Bonino, 65, has been a leading figure in the Italian and international political scene since her first election as member of parliament for the Radical Party in 1976. She founded Food and Disarmament International and also headed Italian Parliamentarians against Hunger, an organization focused on increasing Italian contribution to development assistance.
Italy’s new foreign minister has promoted international campaigns for the protection of human rights worldwide, taken part in humanitarian interventions and peace processes, and helped establish the International Criminal Court. In 1995, after serving as member of the European Parliament, Bonino was appointed the first EU commissioner for humanitarian aid. She headed the European Community Humanitarian Office, which was created three years earlier.
A co-founder of No Peace without Justice, Bonino serves in the board of many internationally known organizations such as the International Crisis Group, Open Society Initiative for Europe, European Council on Foreign Relations and Istituto Affari Internazionali.
Cécile Kyenge Kashetu
Born in the Democratic Republic of Congo, Cécile Kyenge Kashetu arrived in Italy in 1983. The 49-year-old ophthalmologist began her political career in 2004, when she was first elected to a local government position by the Democratic Party and later supervised an Italian development project to train health professionals in her native Congo.
A champion of migrants’ rights, she has pushed for programs to grant citizenship to immigrants.

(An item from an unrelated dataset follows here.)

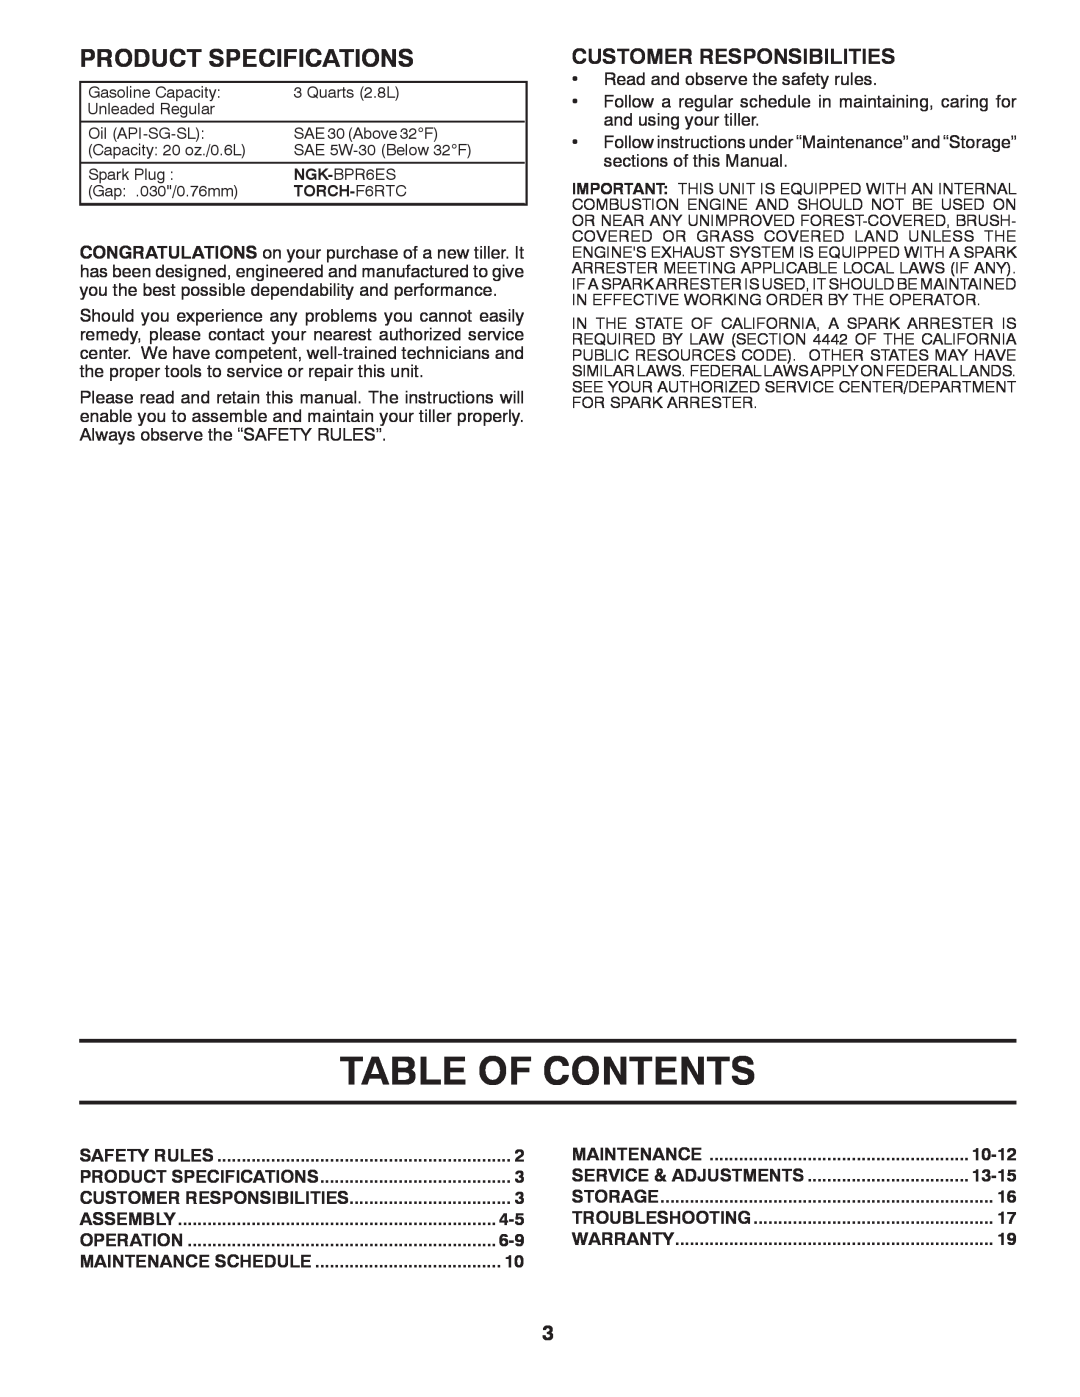 Poulan HDF900 manual Table Of Contents, Product Specifications, Customer Responsibilities, 10-12, 13-15 
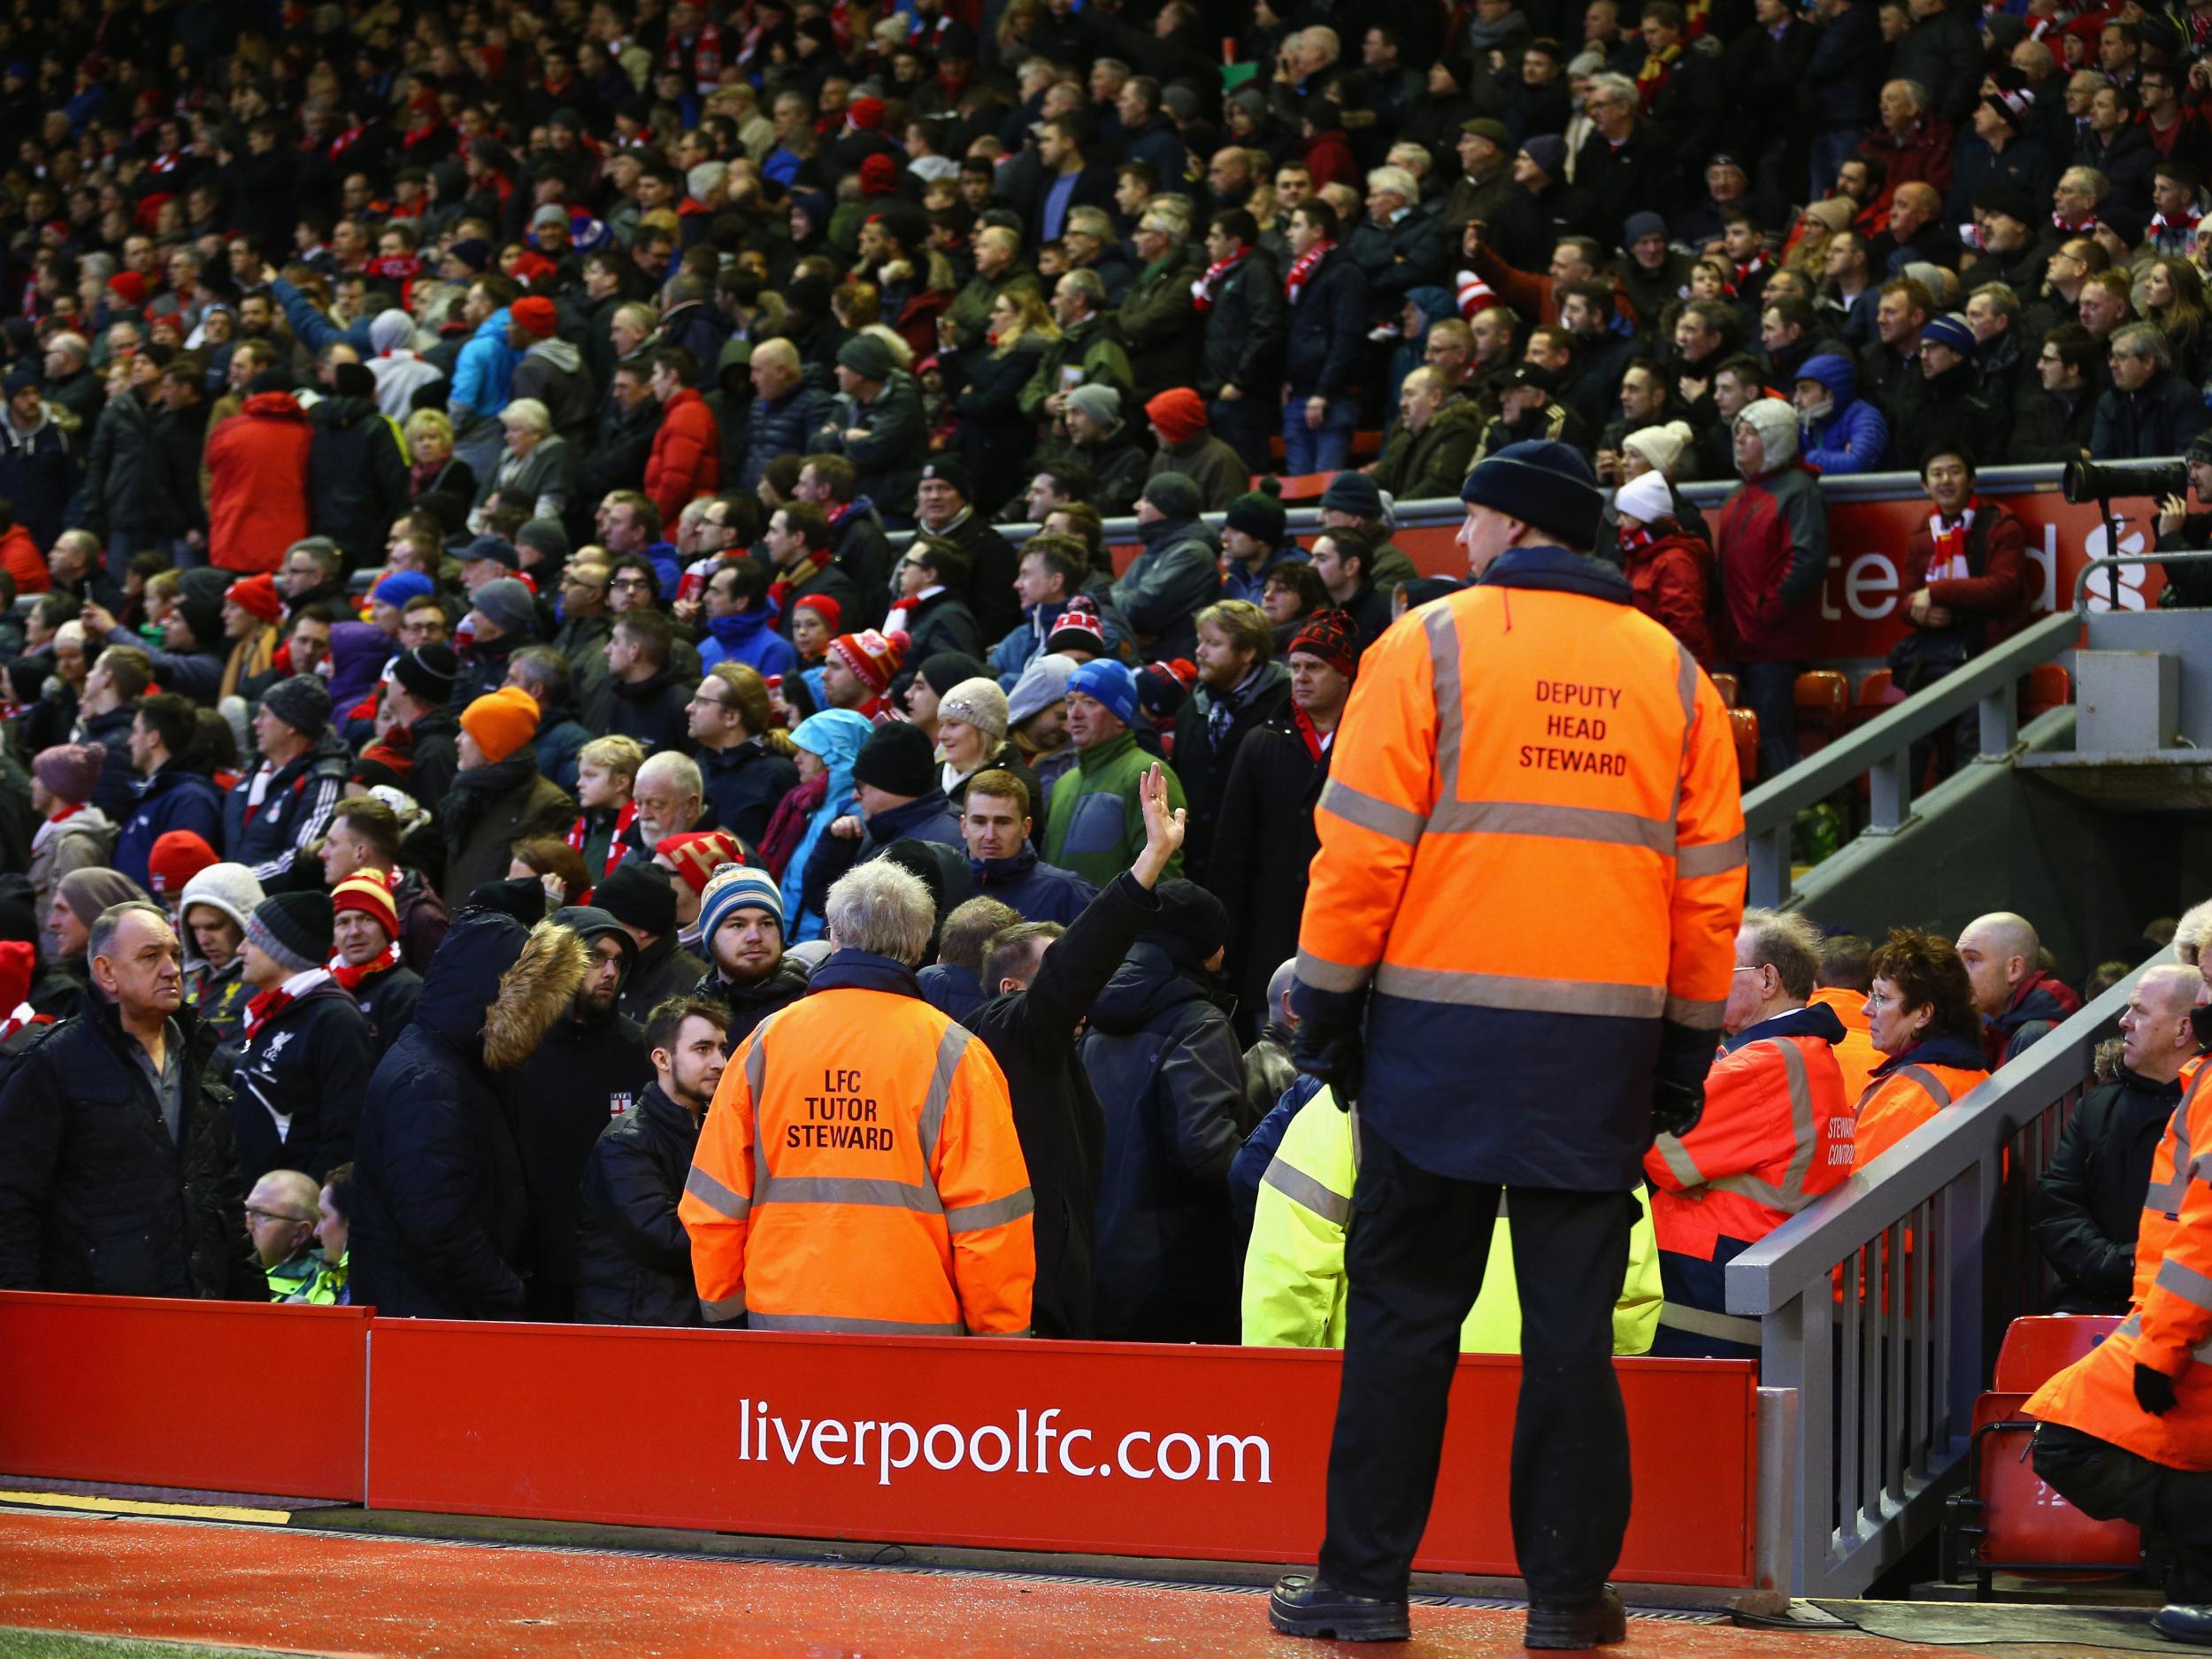 Liverpool fans walk out in protest against ticket prices

Kyenge is the president of the intercultural association DAWA and the group Giù le Frontiere as well as collaborates with the Center for International Political Studies.
Before being appointed minister for integration, she focused her electoral campaign on the idea of “codevelopment.” Kyenge believes that is possible to find new ways to link integration and international cooperation, exploiting the potential of migration to trigger development in the countries of origin as well as of destination.